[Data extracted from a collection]
===

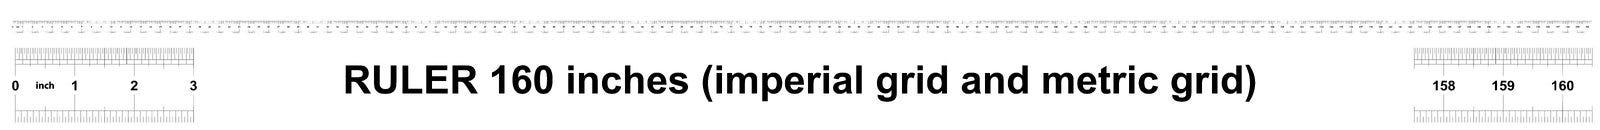 Heerser 160 duim keizer Metrische heerser 160 duim Nauwkeurig metend hulpmiddel Kaliberbepalingsnet stock illustratie
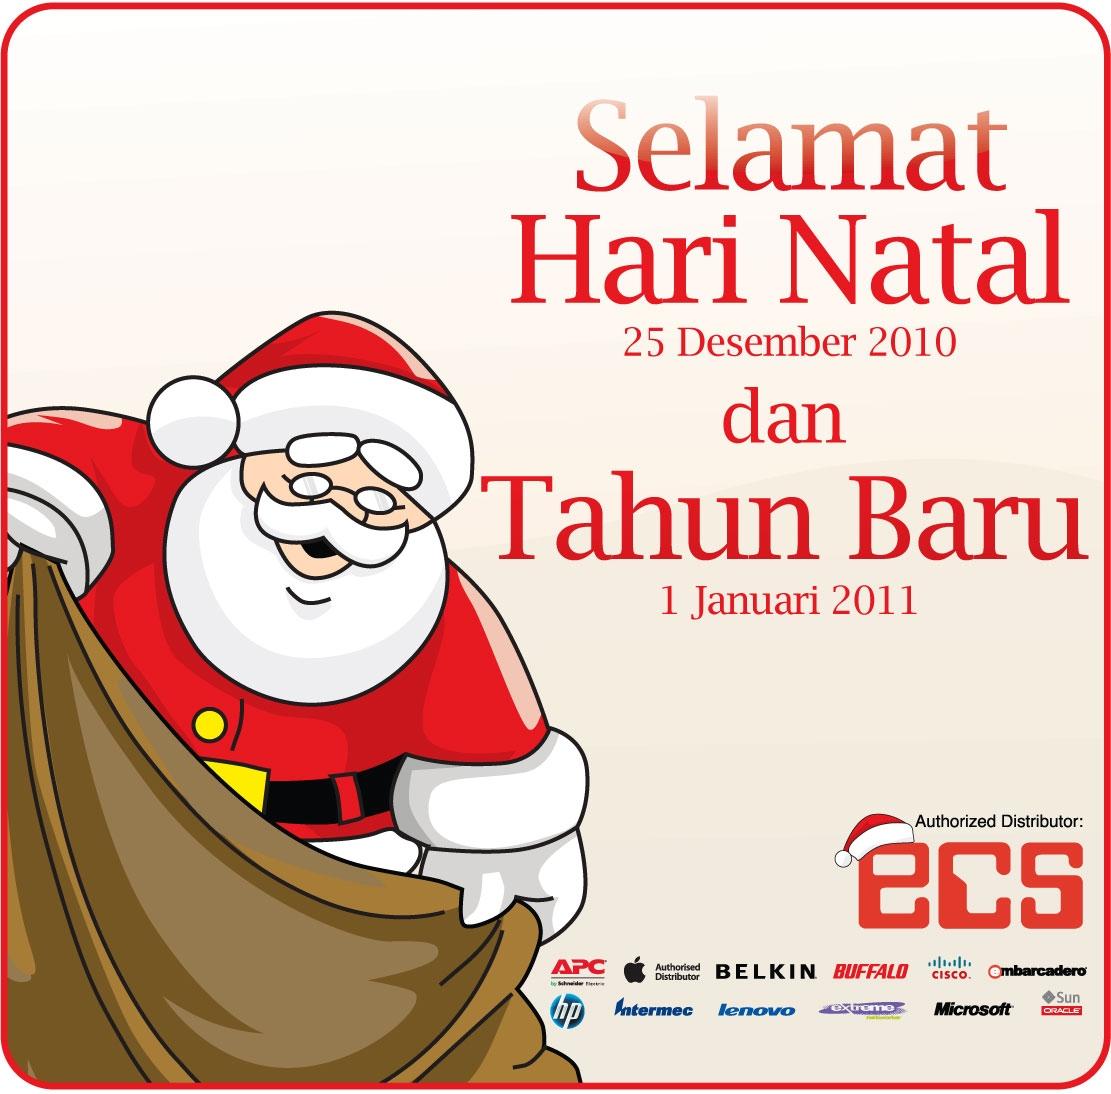 Pojok Berita: Selamat Hari Natal 2010 dan Tahun Baru 2011
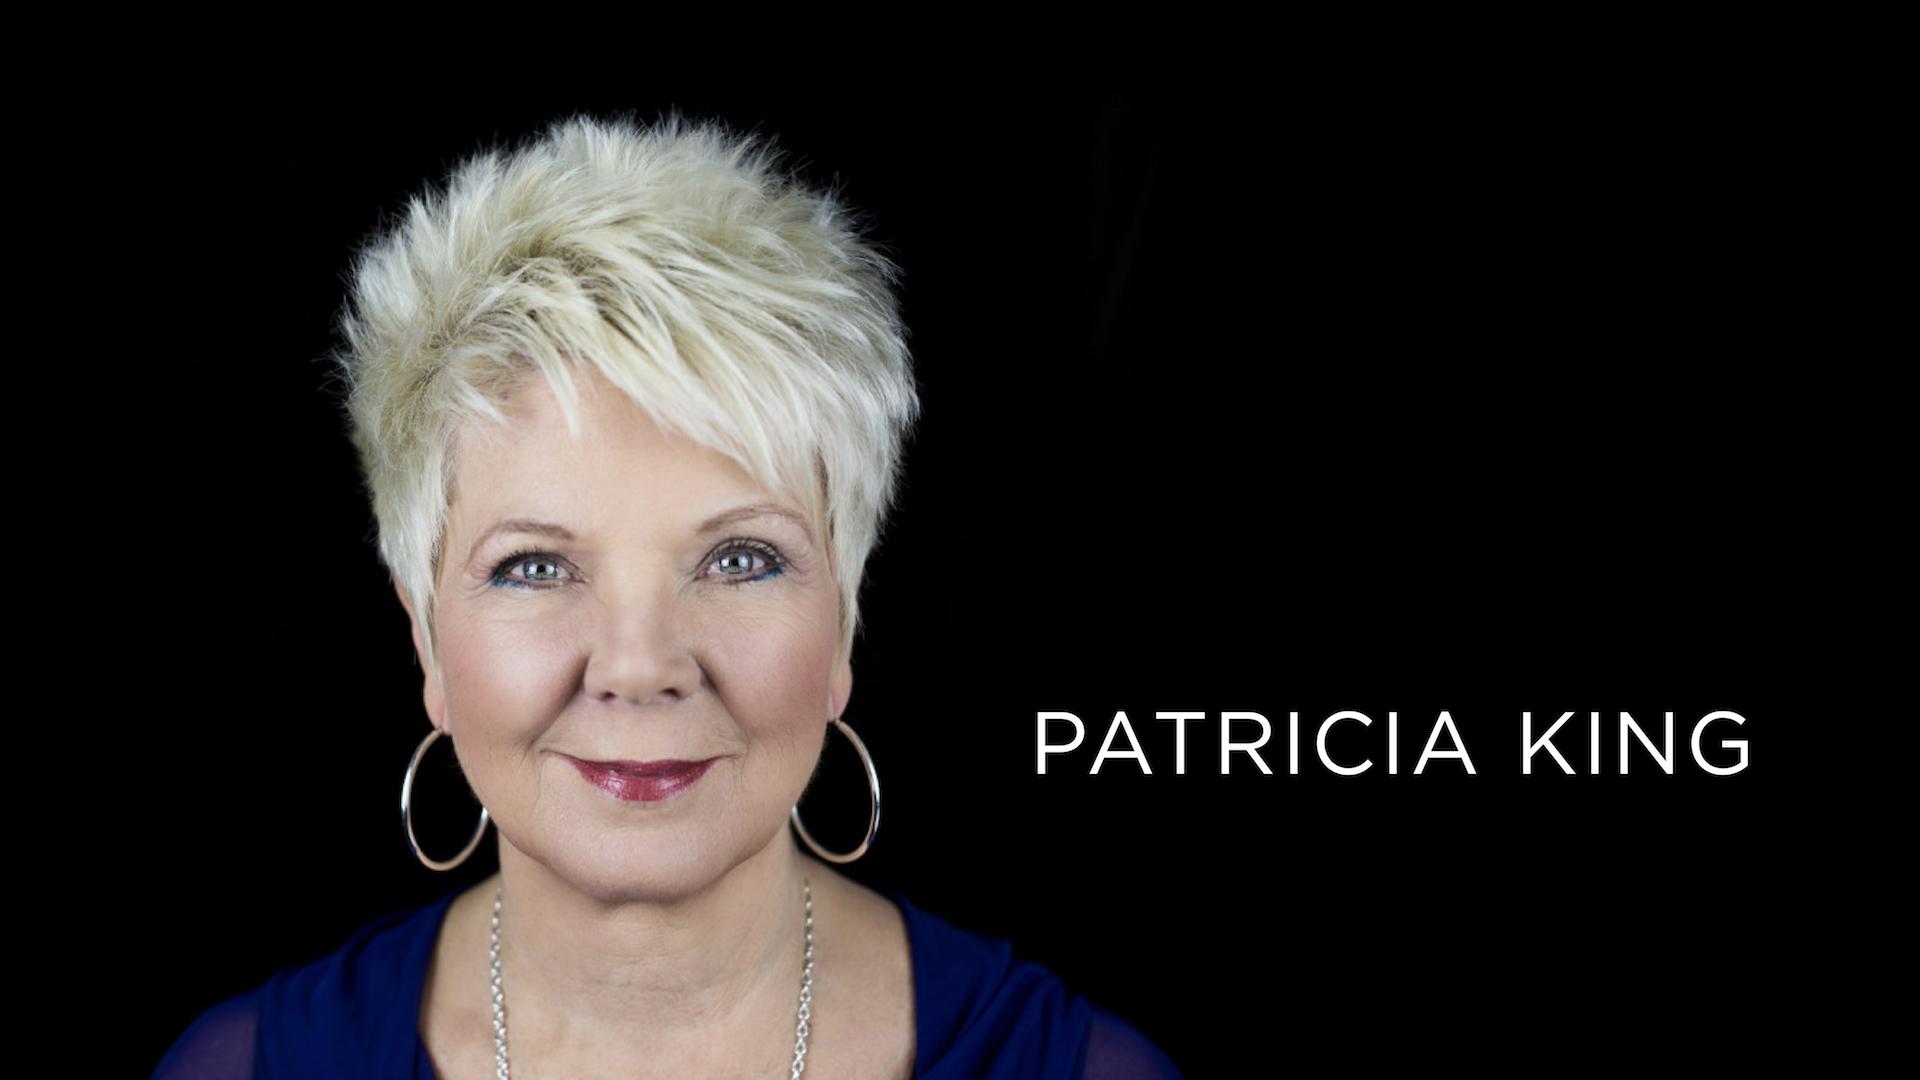 PATRICIA KING-01.jpg
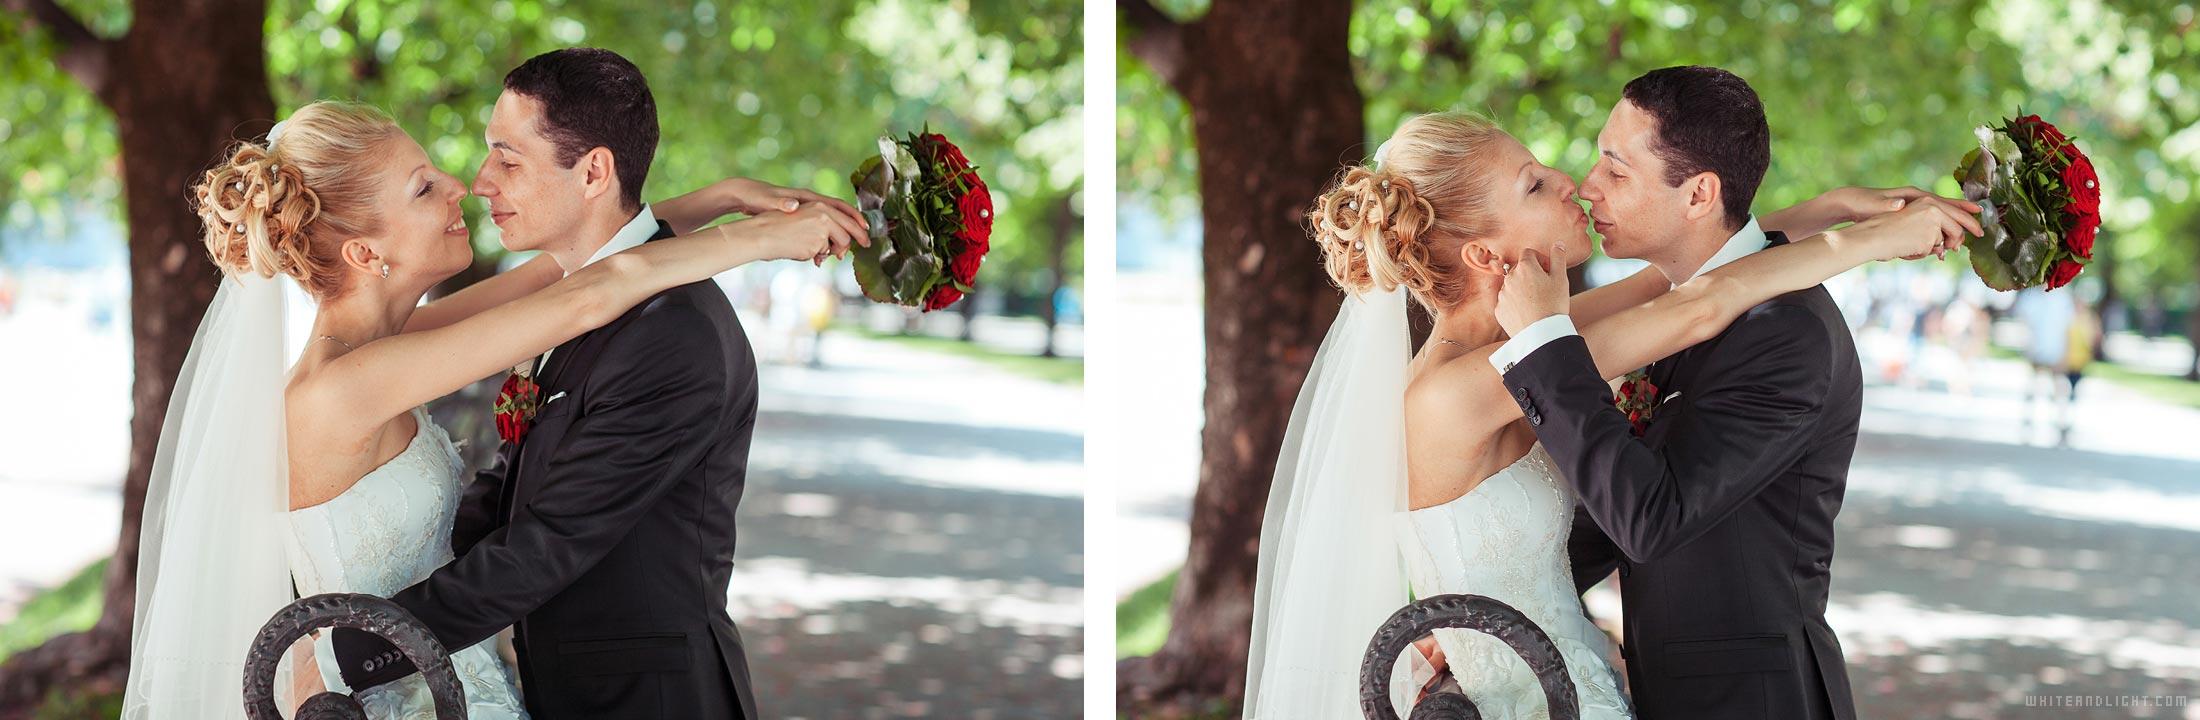 weddingdress styles
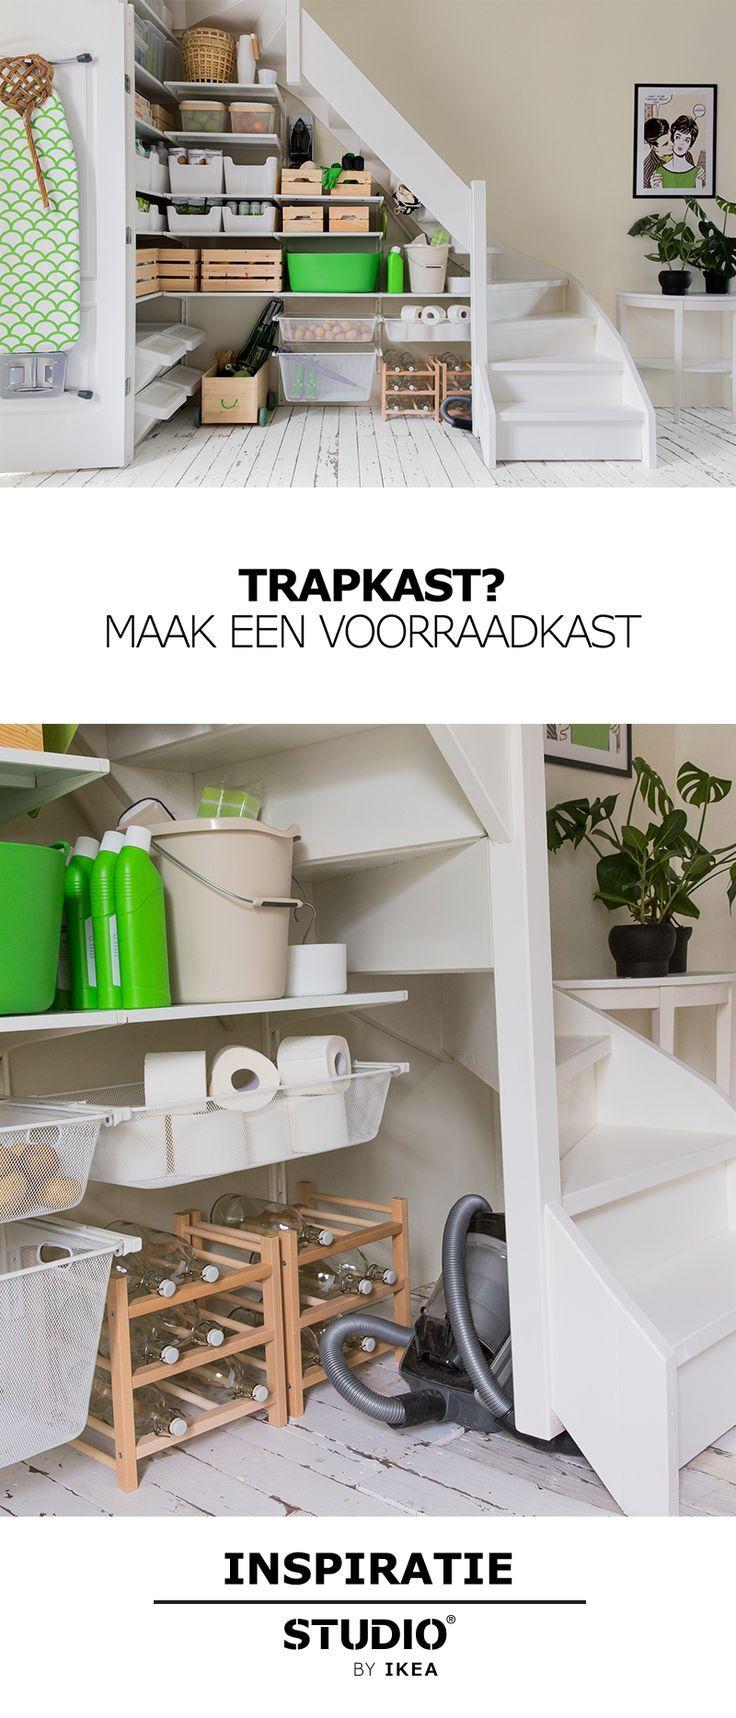 STUDIO by IKEA - Trapkast? Maak een voorraadkast   #STUDIObyIKEA #IKEA #IKEAnl…
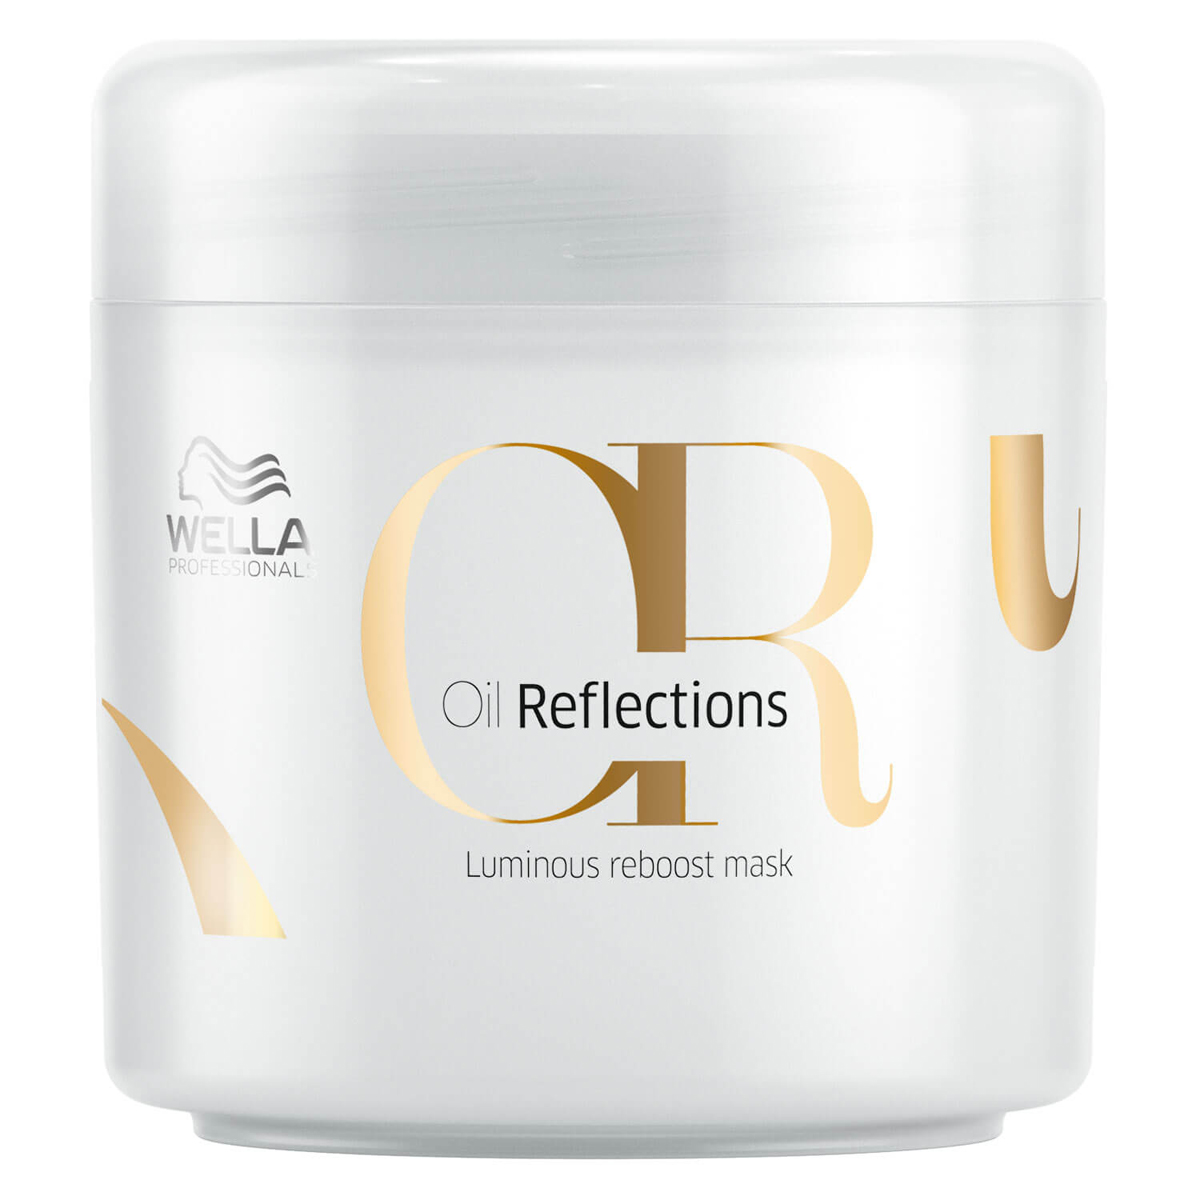 Wella Oil Reflections Luminous Reboost Mask Маска для интенсивного блеска волос, 150 мл81557382Интенсивная маска для придания сияющего блеска волосам. С маслом камелии и экстрактом белого чая. Подходит для всех типов волос.Объем: 150 мл

===

## Work required:
Print the data above exactly, from its first line to the line bearing "weddingdress styles" inclusive, and keep pictures out of the result.

## The answer:
 Heerser 160 duim keizer Metrische heerser 160 duim Nauwkeurig metend hulpmiddel Kaliberbepalingsnet stock illustratie
 Pojok Berita: Selamat Hari Natal 2010 dan Tahun Baru 2011
 PATRICIA KING-01.jpg
 weddingdress styles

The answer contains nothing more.